Кораблекрушение. Мопассан
Я только что пообедал со своим старым приятелем Жоржем Гареном.
Слуга принёс ему письмо, покрытое печатями и иностранными марками.
Жорж сказал мне:
- Ты позволишь?
- Конечно.
Он начал читать 8 страниц крупного английского почерка, идущего во всех направлениях. Он читал медленно, с серьёзным вниманием, с тем интересом, который придают вещам, касающимся самого сердца.
Затем он положил письмо на каминную полку и сказал:
- Здесь написана забавная история, о которой я никогда тебе не рассказывал – сентиментальная история, которая случилась со мной!

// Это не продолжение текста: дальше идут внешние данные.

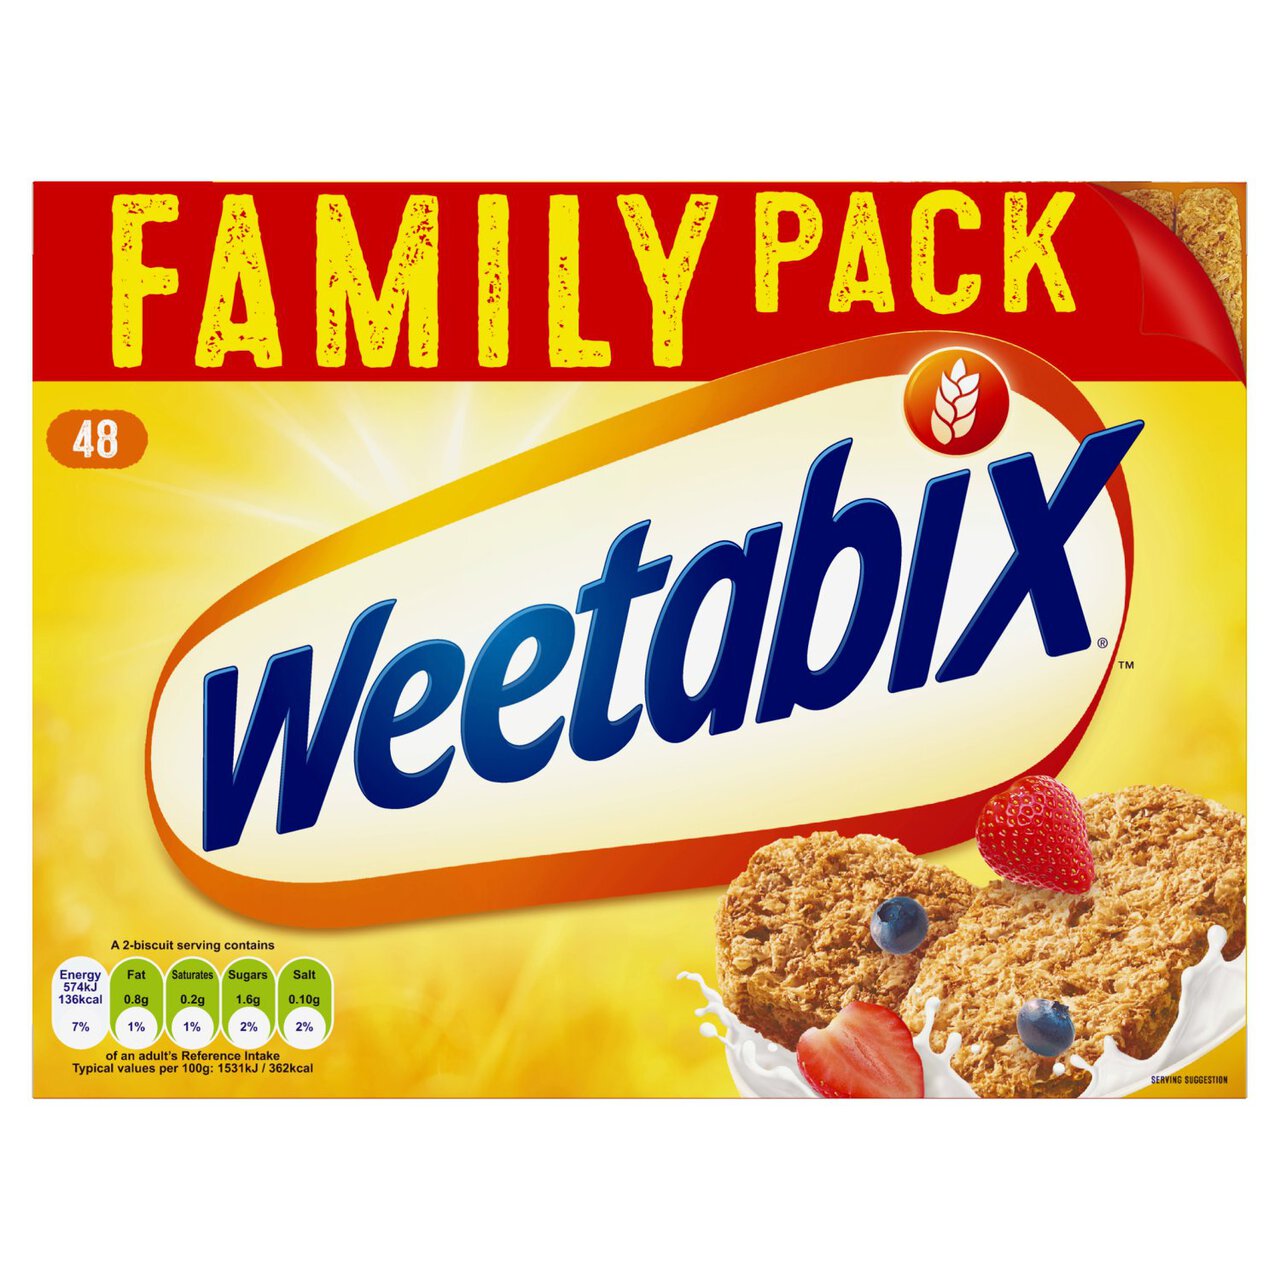 Weetabix Cereal 48 per pack

О, это был особенный день в тот год! Прошло 20 лет… тогда мне было 30, а сейчас уже 50!..
Тогда я был инспектором в компании морских страховок, которую возглавляю сейчас. Я собирался провести в Париже 1-е января, потому что это праздничный день, но получил письмо от начальника, который приказывал мне немедленно отправиться на остров Ре, где только что потерпел крушение трёхмачтовик из Сен-Назера, застрахованный нами. Было 8 часов утра. Я прибыл в бюро в 10 часов, чтобы получить инструкции, и в тот же вечер сел в скорый поезд, который вёз меня в Ла Рошель на следующий день, 31 декабря.

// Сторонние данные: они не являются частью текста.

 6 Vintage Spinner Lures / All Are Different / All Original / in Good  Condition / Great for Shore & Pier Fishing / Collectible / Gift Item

У меня было 2 часа в запасе, прежде чем подняться на судно «Жан-Гитон», которое отвезло бы меня на остров Ре. Я прогулялся по городу. Определённо, Ла Рошель – это странный город, город с большим характером; его улицы смешиваются, как лабиринт, а тротуары бесконечно бегут под галереями с аркадами, похожими на галереи на улице Риволи, только низкие – эти галереи и перекрещивающиеся аркады, такие загадочные, кажущиеся сконструированными и украшенными, как древние украшения, как украшения из войн прошлого, героических и диких религиозных войн. Это старый город гугенотов, важный, сдержанный, без восхитительных памятников, которые делают Руан таким великолепным, но замечательный своим строгим лицом, немного скрытным – город упорных боёв, где должен процветать фанатизм, город, где расцвела вера кальвинистов и родился заговор четырёх сержантов.

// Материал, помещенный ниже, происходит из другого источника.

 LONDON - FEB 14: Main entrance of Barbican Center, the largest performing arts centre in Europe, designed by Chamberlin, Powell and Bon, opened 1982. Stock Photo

Побродив некоторое время по улицам, я поднялся на маленький пароход, чёрный и пузатый, который должен был отвезти меня на остров Ре. Он отчалил, свистя, с сердитым видом, прошёл между двумя древними башнями порта, пересёк рейд, миновал дамбу, построенную при Ришелье, где видны огромные камни, окружающие город, словно гигантское колье, затем взял курс направо.
Это был грустный, гнетущий день, смущающий мысли, сжимающий сердце, отнимающий все силы, всю энергию – серый, ледяной, грязный день из-за тяжёлого тумана, влажного, как дождь, холодного, как мороз, отравляющего дыхание, как изморось сточной канавы.
Под потолком низкого мрачного тумана жёлтое, неглубокое, песчаное от безбрежных пляжей море было гладким, без движения, без признаков жизни – море беспокойной, жирной, стоячей воды. «Жан-Гитон» прошёл, немного качаясь по привычке, взрезывая эту непрозрачную полированную гладь, затем оставил позади себя несколько волн, несколько водоворотов, которые скоро улеглись.
Я начал беседовать с капитаном, маленьким короткоруким и коротконогим человечком, круглым и устойчивым, как его судно. Я хотел узнать несколько подробностей о произошедшем несчастье. Большой прямоугольный трёхмачтовик из Сен-Назера, «Мари-Жозеф», села на мель в ураганную ночь на песках острова Ре.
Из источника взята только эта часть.